Well, no. I’ve clearly been arguing the entire time that I have the entire oeuvre of anime memorized and emblazoned on my heart.
Meh. At my age I will not live long enough to view all the “exceptional films” I have so far missed. I don’t need to spend my limited film-watching time experimenting with something I *might *like, when there are so many other movies I know I *will *like.
Indeed—and more insightful than my pending counter that some of the “anti-seafood” arguments were that it all tastes like McSalmon nuggets; or that seafood isn’t “meat.”
I never liked it, but wasn’t irritated by it until exposed to super obnoxious obsessive nerds who think they understand Japanese culture thoroughly from watching these shows. Including at TV Tropes, which I absolutely love, but find the unnecessary Japanese names and terms used in the names of tropes to be off putting. And to think- when I first went there, I thought it was odd how obsessed they were with Buffy the Vampire Slayer…
Like the hosts of J-Pop America Fun Time Now!, eh?
Decades ago, I announced to one of the owners of an SF/F bookstore I frequented in those days my disappointment in some highly touted anime features (Laputa was one) that had been shown recently. I explained what I found off-putting about them, and he explained that Japanese animation, even more than Japanese filmmaking, is influenced by Japanese theatre, especially Kabuki. All drama, and especially all animation distorts life, exaggerating some things and sloughing off other things. Anime differs from Western animation in that it starts with different assumptions about what deserves loving detail, what is expressed with a line or two, what gets exaggerated, and what gets ignored. The variations that anime fans point to when they say “it’s not all the same” are variations on the same theme, and it’s that theme that non-fans can’t get past.
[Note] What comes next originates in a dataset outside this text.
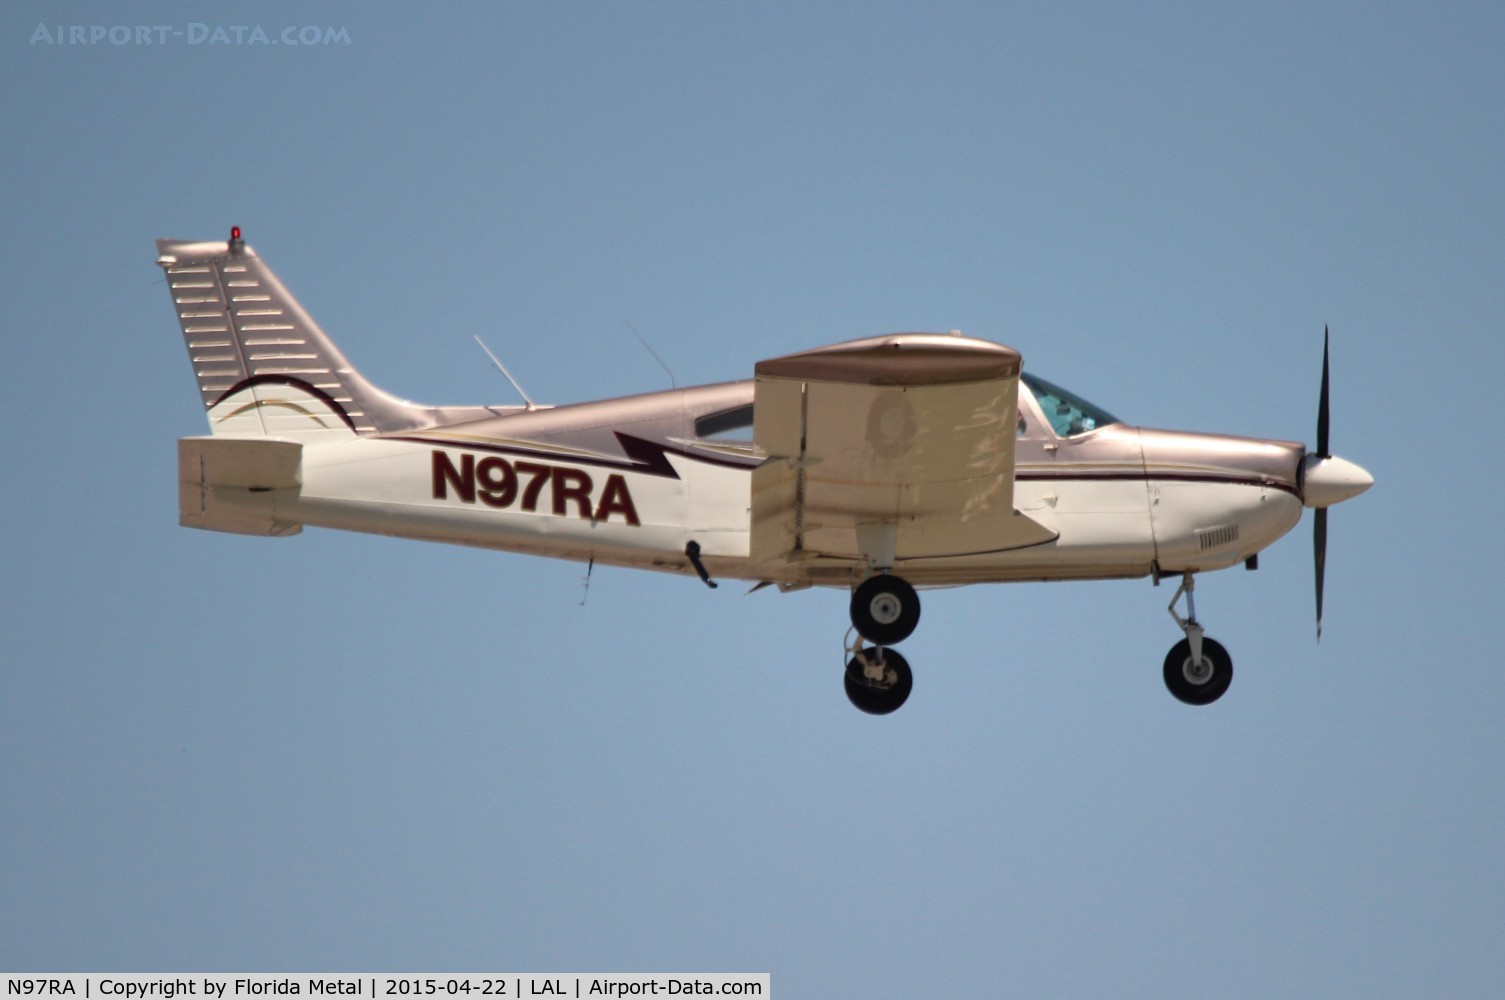 N97RA, 1976 Piper PA-28-235 C/N 28-7610020, PA-28-235

I suspect that many anime fans dislike things about Western animation that its partisans regard as integral to it.
In short, I still can’t stand anime, but now I know why.
Eh, the Japanese probably watch Doctor Who and think it’s sloppy and flawed. What, theres an attractive, helpless young woman and a tentacled monster, yet they don’t even try to show triple orifice rape? WTF is this cockeyed bullshit? Who even writes this stuff? And why isn’t she twelve?
I understand that the Japanese believe that American superhero comics are rather primitive for a lack of a better term.